In der geowissenschaftlichen Praxis wird diese Hypothese des „Suchtrupp-Zufalls“ jedoch durch fundamentale geologische und physikalische Fakten angezweifelt. Das Gegenargument der klassischen Geologie stützt sich im Wesentlichen auf die folgenden drei Punkte:

1. Das Prinzip der geologischen Barrieren (Trockene Bohrungen)

Wenn Öl überall aus der Tiefe aufsteigen würde und ubiquitär vorhanden wäre, müsste man bei Bohrungen im Grunde fast überall auf Spuren von Kohlenwasserstoffen stoßen, sobald man tief genug bohrt.

Die Realität der Exploration zeigt jedoch das Gegenteil: Die weitaus meiste Erdkruste ist ölfrei. Die Erdölindustrie verzeichnet außerhalb der bekannten Sedimentbecken eine enorme Anzahl sogenannter „trockener Bohrungen“ (Dusters). Wenn man in Regionen bohrt, die zwar tektonische Risse und tief reichende Spalten aufweisen, aber kein organisches Muttergestein im Umfeld besitzen, findet man in der Regel keinerlei flüssige Kohlenwasserstoffe. Das Öl ist eben nicht überall, sondern geografisch und geologisch extrem scharf abgegrenzt.

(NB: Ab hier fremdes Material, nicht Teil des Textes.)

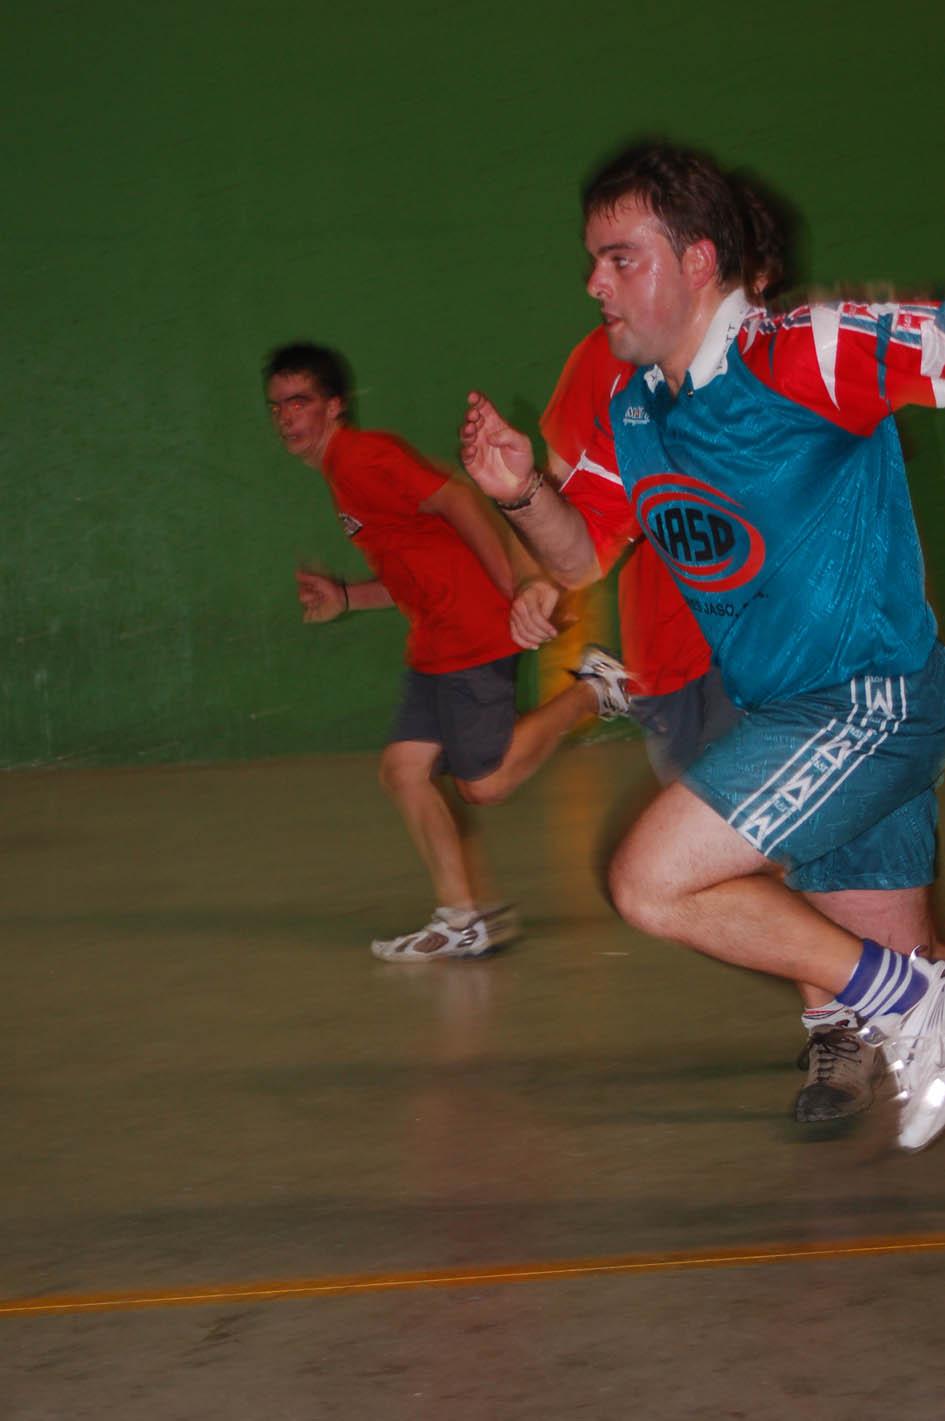 Futbol derbia3

2. Die mathematische Passgenauigkeit der Massenbilanz

Der stärkste Einwand gegen den Zufall ist die quantitative Berechenbarkeit. Die moderne Geochemie nutzt Software-Modelle, die auf der biogenen Theorie basieren (die sogenannte Basin Modeling oder Becken-Modellierung).

Dabei berechnen Geologen:

  1. Wie viel Plankton hat sich in einer bestimmten Epoche in diesem Becken abgelagert? (Volumen des Muttergesteins)
  2. Welchen Temperaturen war es ausgesetzt? (Reifegrad)
  3. Wie viel Öl konnte daraus entstehen und in benachbarte Speichergesteine wandern?

Das verblüffende Ergebnis: Die real geförderten Ölmengen in Feldern wie der Nordsee oder im Golf von Mexiko stimmen mathematisch oft fast exakt mit der Masse des im Muttergestein nachgewiesenen, organischen Kohlenstoffs überein. Wäre das Öl ubiquitär von unten aufgestiegen, gäbe es keinen Grund, warum die Menge des Öls so präzise mit der Dicke und Qualität der darüber- oder darunterliegenden biologischen Sedimentschichten korrelieren sollte.

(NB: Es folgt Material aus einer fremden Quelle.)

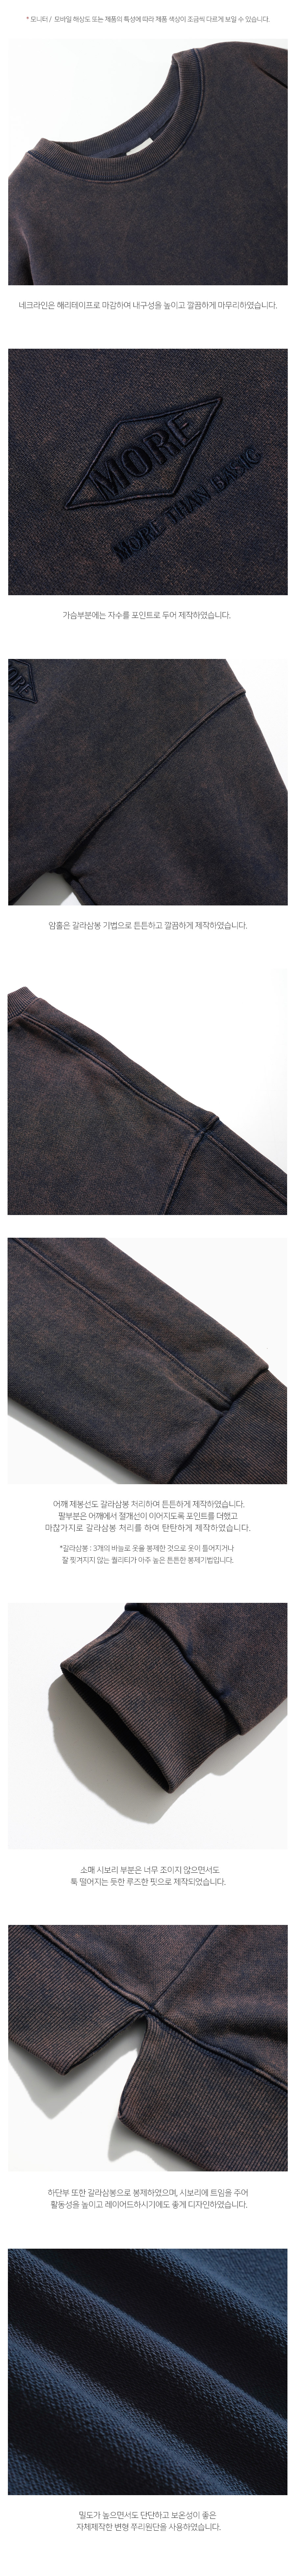 5_SJMT1289_detail_charcoal3_hj.jpg

3. Das Gesetz der Dichte und Migration

Öl ist spezifisch leichter als Wasser. In einer wassergesättigten Erdkruste steigt Öl physikalisch immer so weit nach oben, bis es auf eine undurchdringliche Barriere (wie eine Tonschicht oder Salzstöcke) stößt.

Wenn Öl ubiquitär aus dem Erdmantel aufsteigen würde, müsste es sich unter jeder luftdichten geologischen Schicht der Erde ansammeln. In der Realität findet man diese gigantischen Öllagerstätten aber fast ausschließlich in sogenannten „Erdölfallen“, die in direkter Verbindung mit organischen Schiefern stehen. Unter identischen geologischen Barrieren außerhalb von Sedimentbecken findet man meist nur steriles Grundwasser.

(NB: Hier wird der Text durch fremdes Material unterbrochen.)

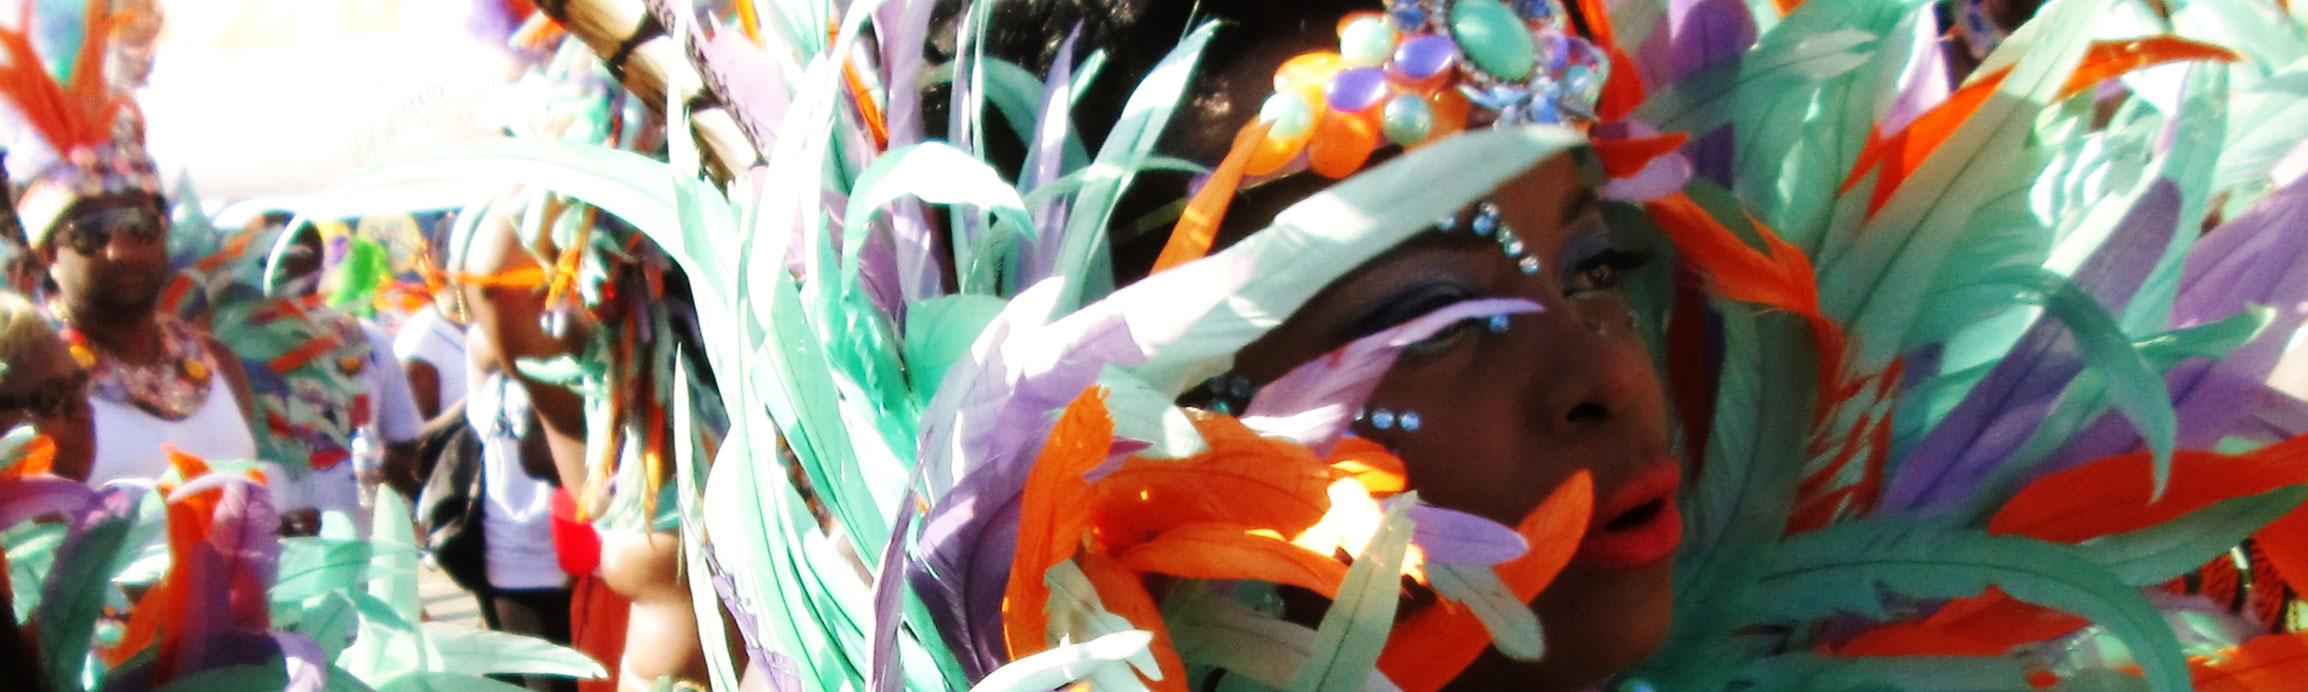 NISHLA-Design_Trinidad-Carnival_woman-IMG_2152.jpg

Zusammenfassung der Debatte

Die Vorstellung, dass die biogene Suche nur ein „Symptom“ für das Auffinden eines eigentlich ubiquitären Stoffes ist, bleibt ein faszinierendes theoretisches Konstrukt. Es scheitert in den Augen der Industrie jedoch an der Präzision der Vorhersagen: Ölkonzerne investieren Milliarden nicht auf Basis von Zufallstreffern, sondern weil die mathematische Verknüpfung von urzeitlicher Biologie und heutigem Fundort eine mathematische Realität ist.

Das Phänomen der doppelten Bestätigung:
Wenn zwei Theorien denselben Fund voraussagen

Ein historisches und wissenschaftliches Rätsel wirft jedoch ein völlig neues Licht auf den gesamten Konflikt: In der Geschichte der Erdölexploration gab es wiederholt Fälle, in denen die Vorhersagen beider Lager verblüffend präzise deckungsgleich waren. Insbesondere bei den spektakulären Entdeckungen sowjetischer Geologen im Dnjepr-Donez-Becken oder beim gigantischen Romaschkino-Ölfeld in Tatarstan liefen die Ereignisse nach einem faszinierenden Muster ab: Zuerst sagten Vertreter der abiogenen Schule auf Basis von Erdmantel-Modellen ein Ölvorkommen voraus. Bevor jedoch gebohrt wurde, wendeten andere Geowissenschaftler klassische, biogene Methoden der Beckenanalyse an, bestätigten die Existenz einer geologischen Falle – und die anschließende Bohrung stieß tatsächlich auf riesige Mengen Öl.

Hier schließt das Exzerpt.